▸ **DATA EXTRACT**
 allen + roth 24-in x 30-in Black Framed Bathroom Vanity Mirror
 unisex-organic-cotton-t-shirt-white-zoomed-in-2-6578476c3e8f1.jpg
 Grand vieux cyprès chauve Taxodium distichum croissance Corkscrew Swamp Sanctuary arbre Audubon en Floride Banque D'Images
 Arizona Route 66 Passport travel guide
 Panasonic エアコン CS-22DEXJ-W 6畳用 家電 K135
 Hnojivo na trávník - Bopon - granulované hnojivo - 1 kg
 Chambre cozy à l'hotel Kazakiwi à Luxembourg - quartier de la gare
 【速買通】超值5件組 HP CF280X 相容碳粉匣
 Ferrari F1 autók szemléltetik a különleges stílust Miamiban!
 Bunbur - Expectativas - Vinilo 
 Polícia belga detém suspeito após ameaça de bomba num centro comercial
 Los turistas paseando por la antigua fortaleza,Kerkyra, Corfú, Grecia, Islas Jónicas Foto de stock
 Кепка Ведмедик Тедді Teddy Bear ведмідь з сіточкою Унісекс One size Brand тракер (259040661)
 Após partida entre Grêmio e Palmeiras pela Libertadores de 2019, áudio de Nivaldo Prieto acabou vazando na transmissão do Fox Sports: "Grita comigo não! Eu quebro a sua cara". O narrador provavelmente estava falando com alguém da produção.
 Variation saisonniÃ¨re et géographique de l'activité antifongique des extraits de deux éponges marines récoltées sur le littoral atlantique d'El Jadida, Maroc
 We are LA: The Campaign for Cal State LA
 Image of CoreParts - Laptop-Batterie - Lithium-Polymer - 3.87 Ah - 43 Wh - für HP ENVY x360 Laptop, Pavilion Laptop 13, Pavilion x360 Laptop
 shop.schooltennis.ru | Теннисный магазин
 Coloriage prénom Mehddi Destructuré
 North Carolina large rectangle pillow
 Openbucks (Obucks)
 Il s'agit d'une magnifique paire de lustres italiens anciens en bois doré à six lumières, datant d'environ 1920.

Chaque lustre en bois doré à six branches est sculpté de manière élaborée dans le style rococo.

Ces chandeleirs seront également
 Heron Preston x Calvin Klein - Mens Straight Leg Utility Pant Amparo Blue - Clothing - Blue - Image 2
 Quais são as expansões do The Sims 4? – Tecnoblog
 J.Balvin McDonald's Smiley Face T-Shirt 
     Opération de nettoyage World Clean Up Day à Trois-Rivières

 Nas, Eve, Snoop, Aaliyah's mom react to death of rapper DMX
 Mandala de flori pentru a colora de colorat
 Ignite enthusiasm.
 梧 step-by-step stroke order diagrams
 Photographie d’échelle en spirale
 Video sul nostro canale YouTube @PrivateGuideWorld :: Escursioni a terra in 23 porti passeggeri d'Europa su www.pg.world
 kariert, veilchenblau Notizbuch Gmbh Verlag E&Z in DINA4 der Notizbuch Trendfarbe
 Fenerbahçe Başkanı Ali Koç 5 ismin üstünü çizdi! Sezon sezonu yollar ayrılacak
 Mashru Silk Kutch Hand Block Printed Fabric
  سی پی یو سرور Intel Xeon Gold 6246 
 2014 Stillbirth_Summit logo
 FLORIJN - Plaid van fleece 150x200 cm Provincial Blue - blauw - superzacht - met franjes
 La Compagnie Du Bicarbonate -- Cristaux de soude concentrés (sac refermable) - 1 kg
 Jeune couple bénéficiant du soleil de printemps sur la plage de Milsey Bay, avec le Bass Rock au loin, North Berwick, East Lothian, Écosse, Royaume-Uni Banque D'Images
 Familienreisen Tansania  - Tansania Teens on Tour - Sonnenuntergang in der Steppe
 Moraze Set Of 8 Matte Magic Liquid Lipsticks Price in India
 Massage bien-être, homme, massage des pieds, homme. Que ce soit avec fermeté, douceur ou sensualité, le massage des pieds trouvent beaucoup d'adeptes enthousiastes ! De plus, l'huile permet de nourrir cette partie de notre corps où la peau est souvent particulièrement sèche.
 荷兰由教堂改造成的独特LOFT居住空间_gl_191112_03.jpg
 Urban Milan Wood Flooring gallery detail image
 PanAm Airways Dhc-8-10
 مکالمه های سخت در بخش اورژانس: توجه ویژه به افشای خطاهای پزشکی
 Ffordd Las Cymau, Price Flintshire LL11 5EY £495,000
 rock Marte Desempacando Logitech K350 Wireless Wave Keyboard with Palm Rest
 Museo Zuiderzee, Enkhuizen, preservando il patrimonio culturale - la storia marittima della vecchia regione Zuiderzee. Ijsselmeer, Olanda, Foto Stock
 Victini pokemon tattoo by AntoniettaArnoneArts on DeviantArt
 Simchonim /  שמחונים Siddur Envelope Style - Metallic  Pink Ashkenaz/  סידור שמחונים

▸ **TASK TO CARRY OUT**
Reproduce every line in the data that has the word "North" in it.

▸ **ANSWER BOX**
 North Carolina large rectangle pillow
 Jeune couple bénéficiant du soleil de printemps sur la plage de Milsey Bay, avec le Bass Rock au loin, North Berwick, East Lothian, Écosse, Royaume-Uni Banque D'Images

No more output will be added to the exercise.